In the data below, set down exactly the lines from the one containing "It&rsquo;s flashback Friday, y&rsquo;all." up to and including the one containing "During our travels". Leave the pictures out.

**Material to process:**
▬▬▬
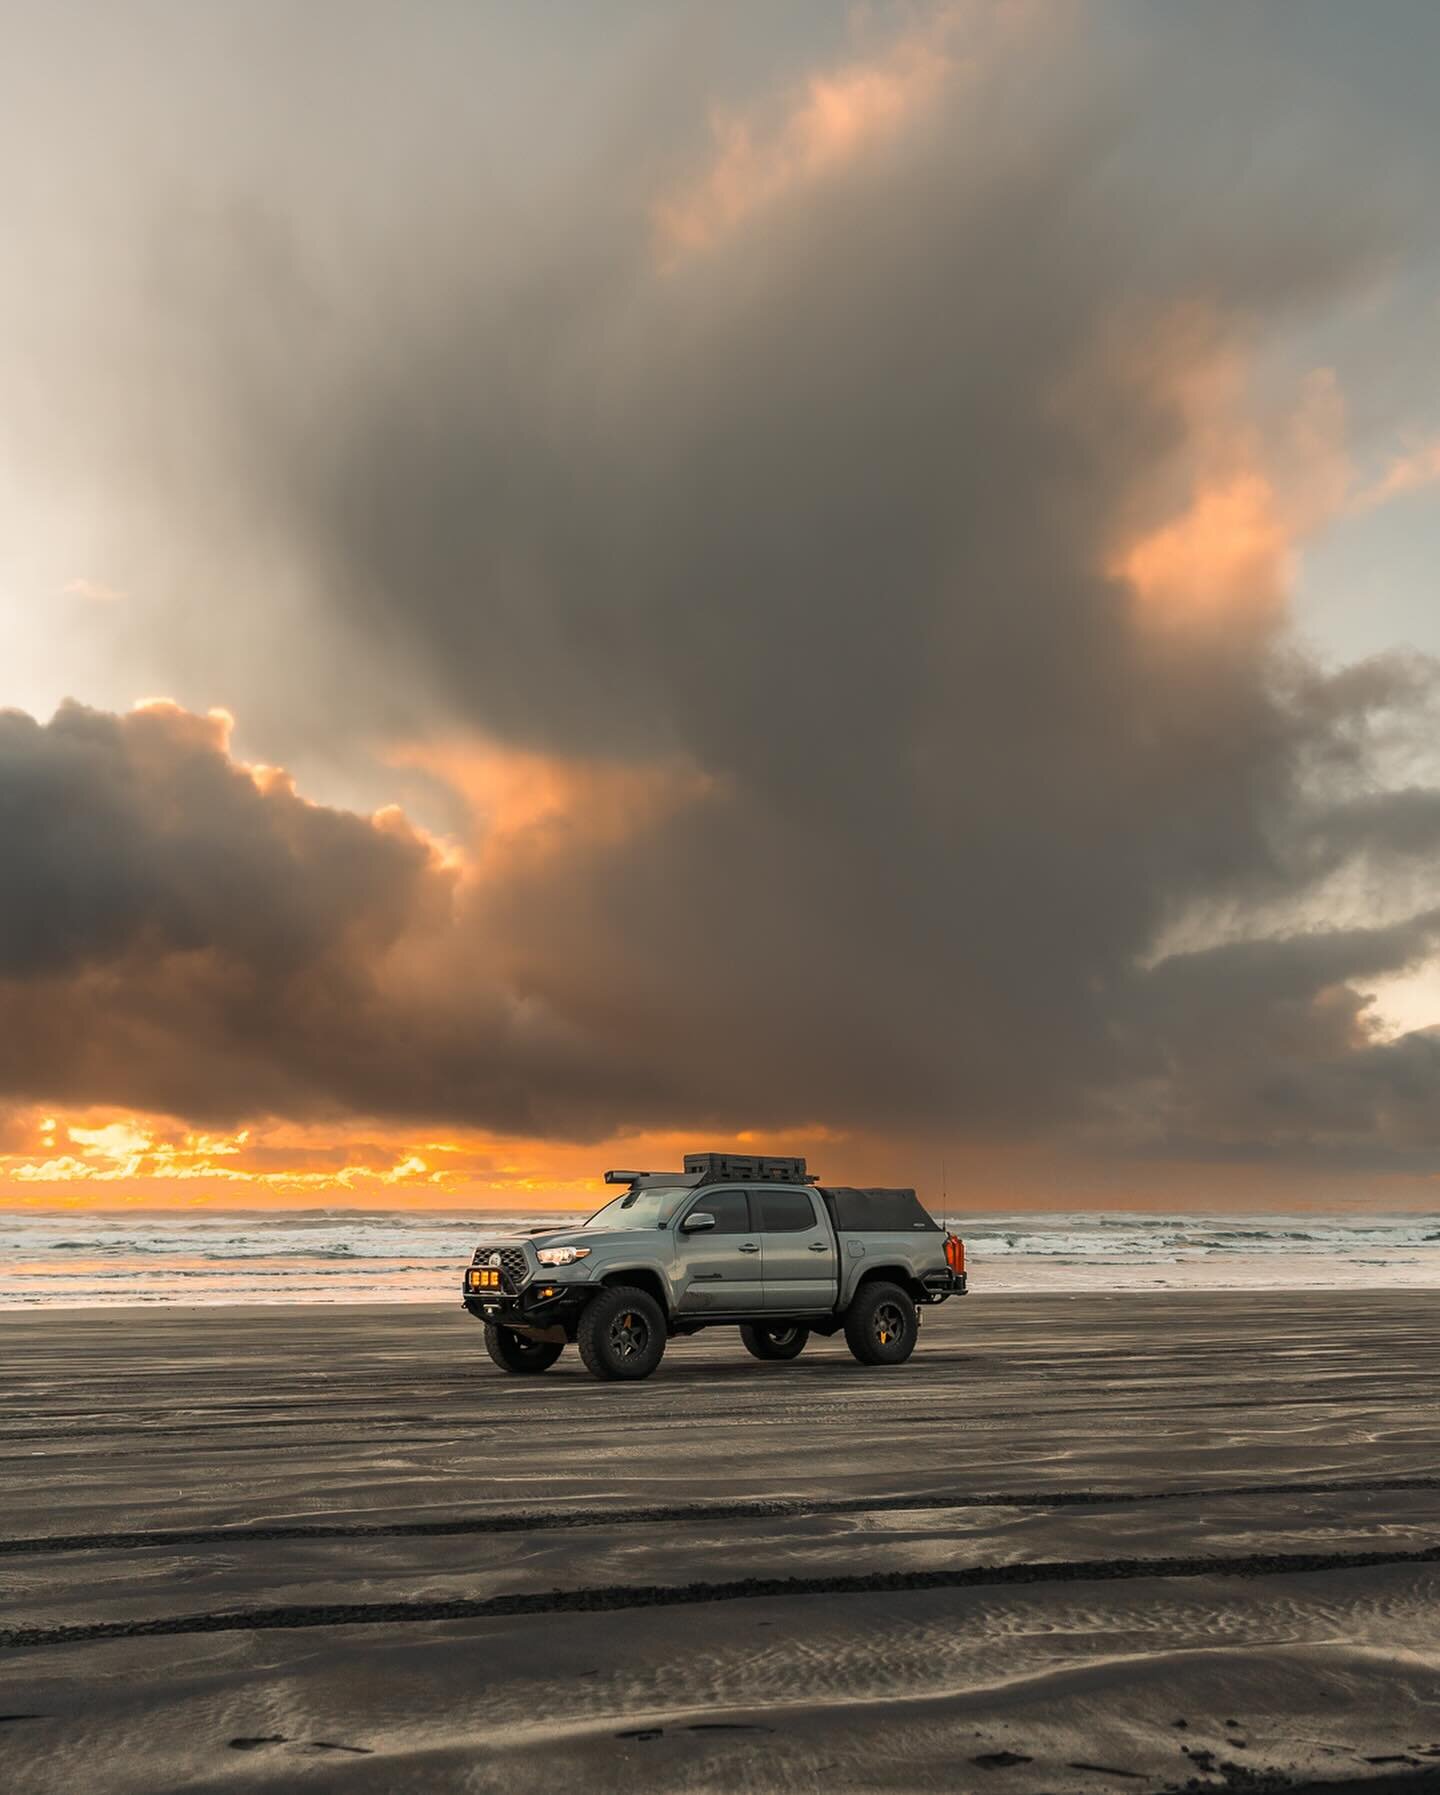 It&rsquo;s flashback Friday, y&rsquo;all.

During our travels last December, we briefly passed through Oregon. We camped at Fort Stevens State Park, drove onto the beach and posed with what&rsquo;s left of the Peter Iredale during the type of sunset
▬▬▬
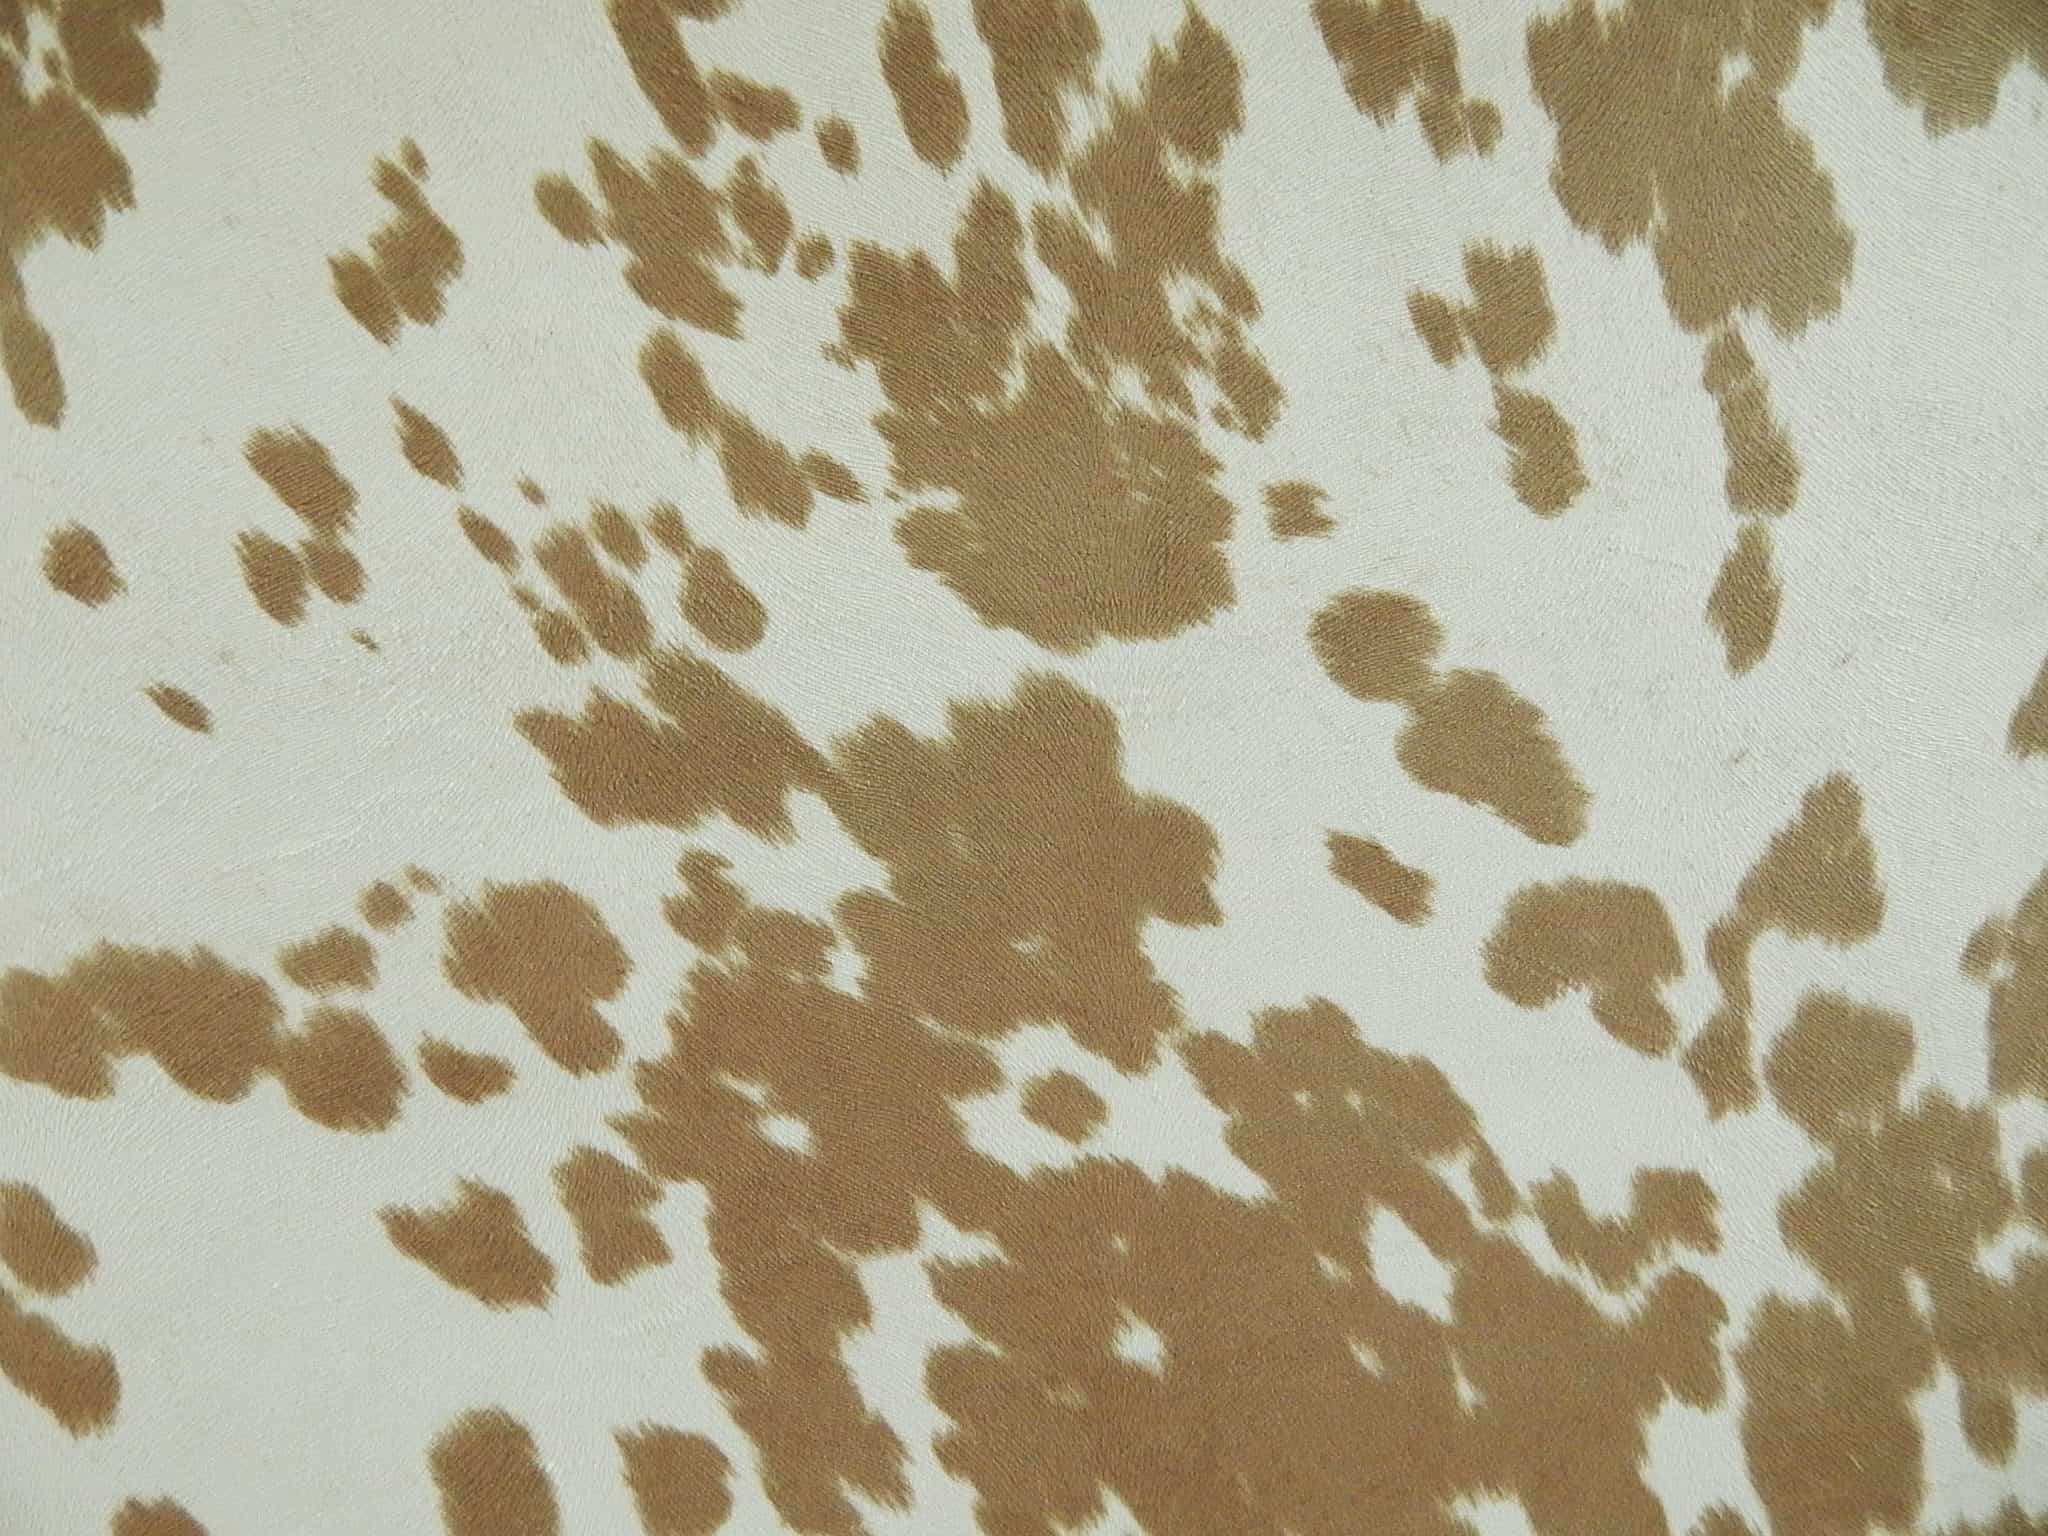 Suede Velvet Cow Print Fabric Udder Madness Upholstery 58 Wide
▬▬▬
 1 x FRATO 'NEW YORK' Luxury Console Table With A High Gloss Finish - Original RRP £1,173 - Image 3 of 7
▬▬▬
**Task result:**
 It&rsquo;s flashback Friday, y&rsquo;all.

During our travels last December, we briefly passed through Oregon. We camped at Fort Stevens State Park, drove onto the beach and posed with what&rsquo;s left of the Peter Iredale during the type of sunset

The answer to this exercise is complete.